_Your task_. Below are records; quote them exactly from the first line through the line that contains "Vintage Cooper Jacket".

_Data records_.
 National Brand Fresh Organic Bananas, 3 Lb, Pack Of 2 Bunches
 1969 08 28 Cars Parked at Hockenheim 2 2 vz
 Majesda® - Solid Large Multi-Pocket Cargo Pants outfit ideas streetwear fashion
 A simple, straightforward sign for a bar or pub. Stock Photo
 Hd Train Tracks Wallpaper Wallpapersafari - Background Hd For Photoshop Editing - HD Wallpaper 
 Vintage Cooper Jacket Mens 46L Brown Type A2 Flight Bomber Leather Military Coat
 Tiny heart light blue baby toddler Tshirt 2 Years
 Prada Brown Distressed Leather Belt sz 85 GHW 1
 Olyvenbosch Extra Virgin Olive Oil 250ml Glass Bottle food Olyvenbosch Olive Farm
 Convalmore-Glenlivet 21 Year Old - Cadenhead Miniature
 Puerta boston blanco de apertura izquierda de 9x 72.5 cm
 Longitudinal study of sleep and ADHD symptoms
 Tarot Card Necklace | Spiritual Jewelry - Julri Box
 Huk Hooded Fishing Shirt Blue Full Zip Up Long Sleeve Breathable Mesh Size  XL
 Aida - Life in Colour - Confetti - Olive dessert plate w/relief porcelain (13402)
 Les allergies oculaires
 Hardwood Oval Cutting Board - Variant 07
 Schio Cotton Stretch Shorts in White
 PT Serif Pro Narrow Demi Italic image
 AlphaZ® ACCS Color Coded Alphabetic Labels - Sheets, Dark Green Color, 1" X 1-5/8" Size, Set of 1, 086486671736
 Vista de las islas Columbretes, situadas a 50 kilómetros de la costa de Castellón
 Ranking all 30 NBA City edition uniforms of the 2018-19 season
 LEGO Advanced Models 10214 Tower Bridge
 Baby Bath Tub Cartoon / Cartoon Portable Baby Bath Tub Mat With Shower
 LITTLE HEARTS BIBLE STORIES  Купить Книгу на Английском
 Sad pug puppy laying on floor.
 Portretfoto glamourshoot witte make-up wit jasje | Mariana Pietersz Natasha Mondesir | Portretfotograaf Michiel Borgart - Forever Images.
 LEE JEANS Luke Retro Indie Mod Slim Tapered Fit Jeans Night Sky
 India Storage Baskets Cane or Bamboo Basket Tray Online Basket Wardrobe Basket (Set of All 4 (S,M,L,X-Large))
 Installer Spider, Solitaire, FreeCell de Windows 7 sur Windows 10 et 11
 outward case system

_Task response_.
 National Brand Fresh Organic Bananas, 3 Lb, Pack Of 2 Bunches
 1969 08 28 Cars Parked at Hockenheim 2 2 vz
 Majesda® - Solid Large Multi-Pocket Cargo Pants outfit ideas streetwear fashion
 A simple, straightforward sign for a bar or pub. Stock Photo
 Hd Train Tracks Wallpaper Wallpapersafari - Background Hd For Photoshop Editing - HD Wallpaper 
 Vintage Cooper Jacket Mens 46L Brown Type A2 Flight Bomber Leather Military Coat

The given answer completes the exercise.